Overall, CB, along with RF, proved to be the best-performing machine learning models, both before and after feature selection (FS), except in the Purebred scenario where the SVM model performed well specifically after FS. Various microbial classification studies have demonstrated that CB outperforms other ML methods employed in the present study [72, 73]. Additionally, Roguet et al. [74] emphasized the suitability and relevance of the RF classification approach for fecal source identification using 16 S rRNA gene amplicons.

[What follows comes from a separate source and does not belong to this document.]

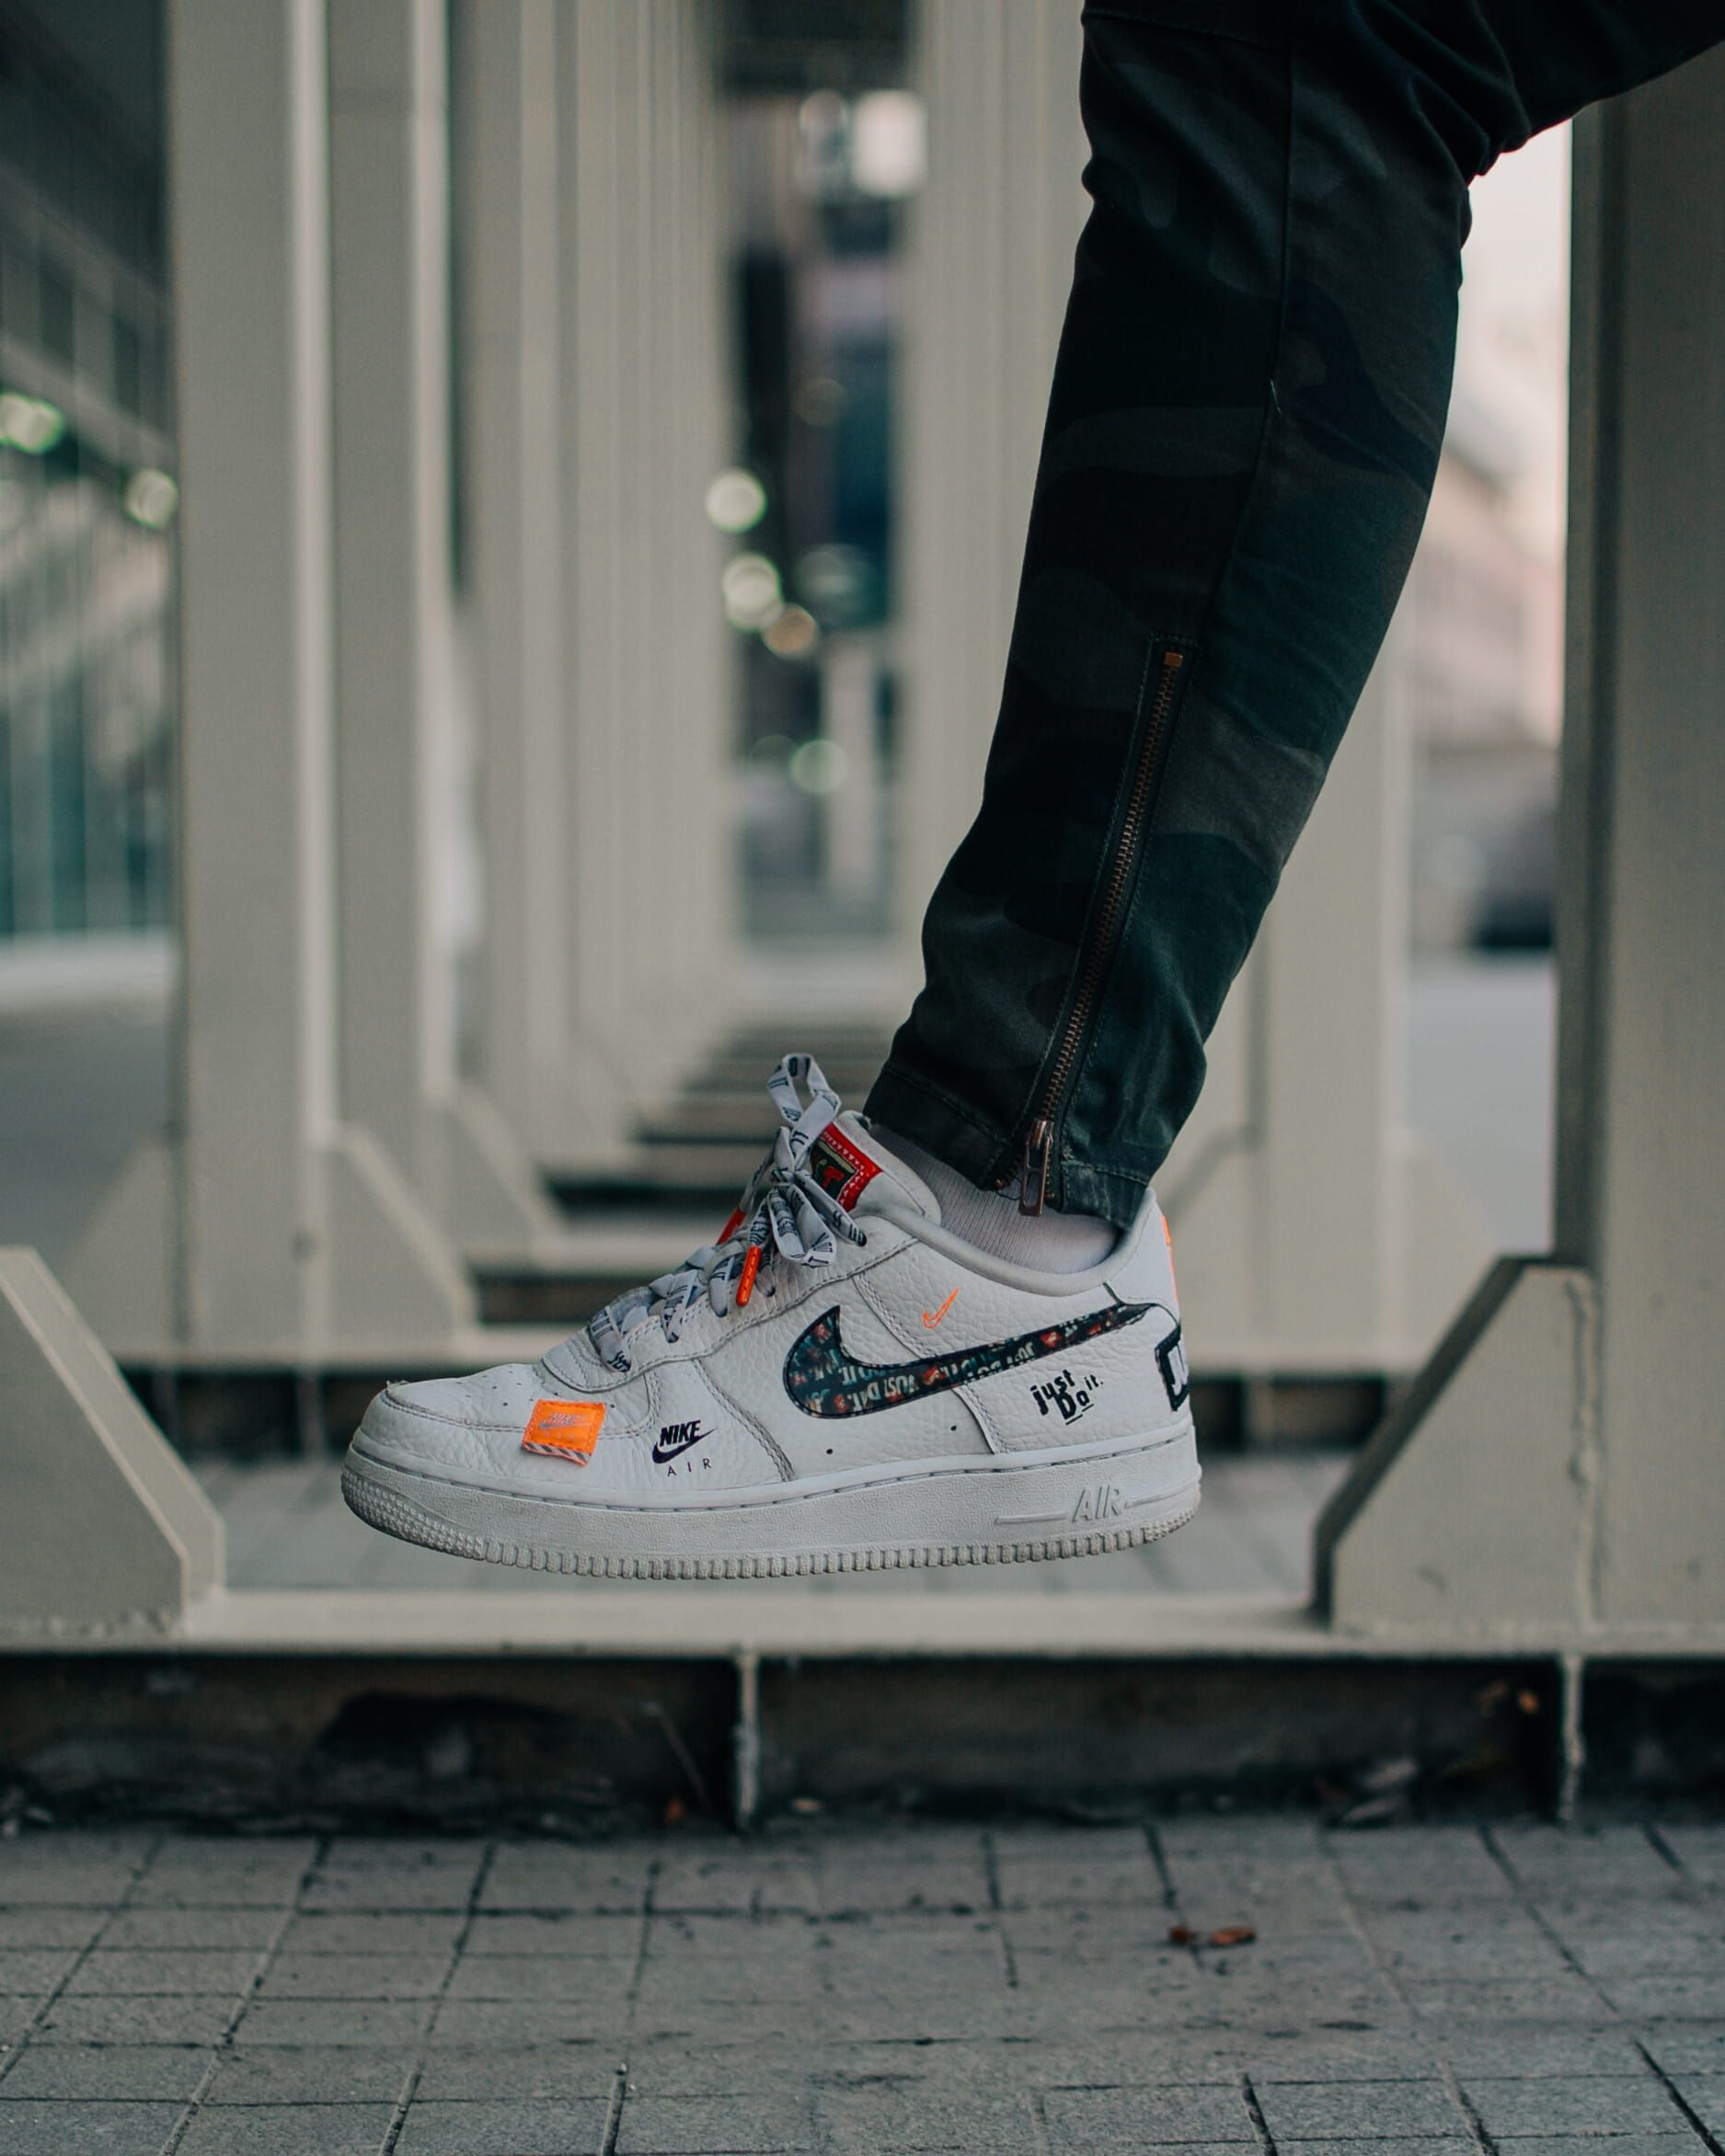 Wallpaper Selective Focus Photography Of Person Wearing Nike Air Force 1 Low Top Shoe • Wallpaper For You HD Wallpaper For Desktop & Mobile

On the other hand, implementation of RF-based feature selection allowed the number of genera to be reduced by three quarters, achieving better performance compared to using the full dataset. With the exception of the maternal scenario, we found that the more effective the initial classification was, the smaller the performance gain observed after FS, since the model tends to identify the correct patterns and generalize properly without the need to reduce the dimensionality of the data. It should be noted that the performance results of each model were obtained using multiple data splits, as there was a risk of obtaining either random or biased estimates of model performance with only a single data split. This approach is particularly important given the limited size and heterogeneous nature of the dataset, as relying on a single random data split to assess performance can lead to misleading conclusions. A systematic study of ML benchmarks by Bouthillier et al. [75], shows that the use of multiple data splits, and therefore multiple test sets, improves the estimation of the general performance of ML algorithms.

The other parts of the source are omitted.